Ces nationalistes envisagent leur combat dans le cadre d’un double affrontement : à l’intérieur, contre une élite favorable à la gouvernance mondiale (« globaliste ») et au multiculturalisme (« cosmopolite ») ; à l’international, contre ceux qui veulent la fin de l’Occident (« la Chine et l’islam politique », pour les citer). Mais là où Hazony, comme Pompeo, parle de redéfinir les alliances en accord avec ces principes, d’autres, comme l’animateur de Fox News Tucker Carlson (proche de Trump et dont l’émissionest la deuxième plus regardée aux Etats-Unis), défendent un authentique isolationnisme qui envisage la politique étrangère comme la défense de l’intérêt américain redéfini au minimum par la sécurité du territoire, la protection des frontières, la défense des entreprises américaines.
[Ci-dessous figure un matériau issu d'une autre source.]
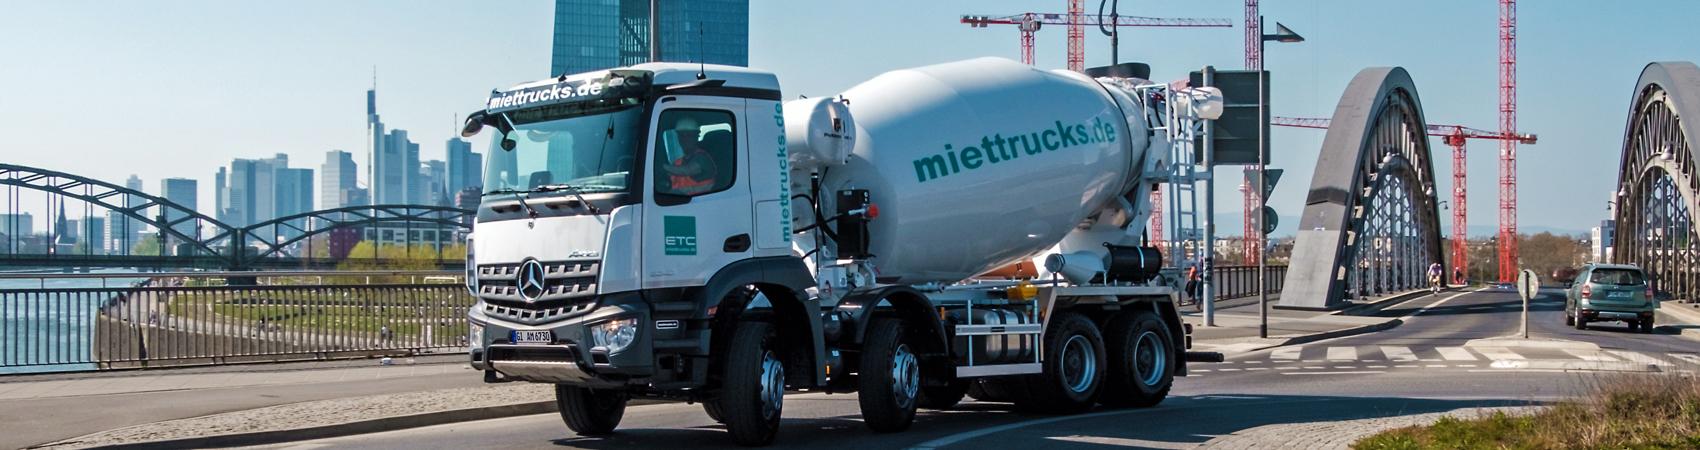 Putzmeister Truck Mixer

Le trumpisme va-t-il survivre à Trump ?
Ce qui va survivre, c’est cette redéfinition nationaliste religieuse du Parti républicain, un conservatisme national débarrassé des outrances verbales de Trump, sans le soutien aux suprémacistes blancs : elle est d’ailleurs bien représentée au niveau judiciaire désormais, ce qui sera sans doute le principal héritage de la présidence Trump. De même, la réhabilitation du rôle de l’Etat dans l’économie, au moins pour faire face à la Chine, devrait également survivre à Trump, quel que soit le résultat de l’élection prochaine. Au-delà, on voit déjà se dessiner plusieurs camps, avec des distinctions selon le degré et l’intensité de la fidélité au trumpisme : il y a les « héritiers » « princiers » (la famille Trump) ou directs (Pence, Pompeo, DeSantis) ; les jeunes réformateurs biberonnés au trumpisme (Hawley, Cotton, Rubio) ou partisans d’une certaine restauration (Cruz, Haley). La seule certitude, c’est que l’après-Trump commencera dès le 4 novembre prochain, quel que soit le résultat.